● **Exercise instructions**:
Copy the listing out exactly as shown.

---*---

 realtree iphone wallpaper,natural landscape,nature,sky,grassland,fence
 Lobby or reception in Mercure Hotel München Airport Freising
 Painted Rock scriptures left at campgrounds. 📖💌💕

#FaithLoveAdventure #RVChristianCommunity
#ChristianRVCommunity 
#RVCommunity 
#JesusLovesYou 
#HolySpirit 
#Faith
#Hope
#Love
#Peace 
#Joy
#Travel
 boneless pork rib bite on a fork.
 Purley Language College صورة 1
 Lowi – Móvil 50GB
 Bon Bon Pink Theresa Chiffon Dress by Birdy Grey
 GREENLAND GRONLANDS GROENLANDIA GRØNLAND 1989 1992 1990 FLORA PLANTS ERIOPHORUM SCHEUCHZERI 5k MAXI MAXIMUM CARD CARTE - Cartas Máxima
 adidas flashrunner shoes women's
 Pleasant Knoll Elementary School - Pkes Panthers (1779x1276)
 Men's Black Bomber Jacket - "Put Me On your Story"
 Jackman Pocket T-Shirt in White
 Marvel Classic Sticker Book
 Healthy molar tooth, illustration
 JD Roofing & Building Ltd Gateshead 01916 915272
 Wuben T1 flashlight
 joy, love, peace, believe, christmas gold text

---*---

● **Result of the task**:
 realtree iphone wallpaper,natural landscape,nature,sky,grassland,fence
 Lobby or reception in Mercure Hotel München Airport Freising
 Painted Rock scriptures left at campgrounds. 📖💌💕

#FaithLoveAdventure #RVChristianCommunity
#ChristianRVCommunity 
#RVCommunity 
#JesusLovesYou 
#HolySpirit 
#Faith
#Hope
#Love
#Peace 
#Joy
#Travel
 boneless pork rib bite on a fork.
 Purley Language College صورة 1
 Lowi – Móvil 50GB
 Bon Bon Pink Theresa Chiffon Dress by Birdy Grey
 GREENLAND GRONLANDS GROENLANDIA GRØNLAND 1989 1992 1990 FLORA PLANTS ERIOPHORUM SCHEUCHZERI 5k MAXI MAXIMUM CARD CARTE - Cartas Máxima
 adidas flashrunner shoes women's
 Pleasant Knoll Elementary School - Pkes Panthers (1779x1276)
 Men's Black Bomber Jacket - "Put Me On your Story"
 Jackman Pocket T-Shirt in White
 Marvel Classic Sticker Book
 Healthy molar tooth, illustration
 JD Roofing & Building Ltd Gateshead 01916 915272
 Wuben T1 flashlight
 joy, love, peace, believe, christmas gold text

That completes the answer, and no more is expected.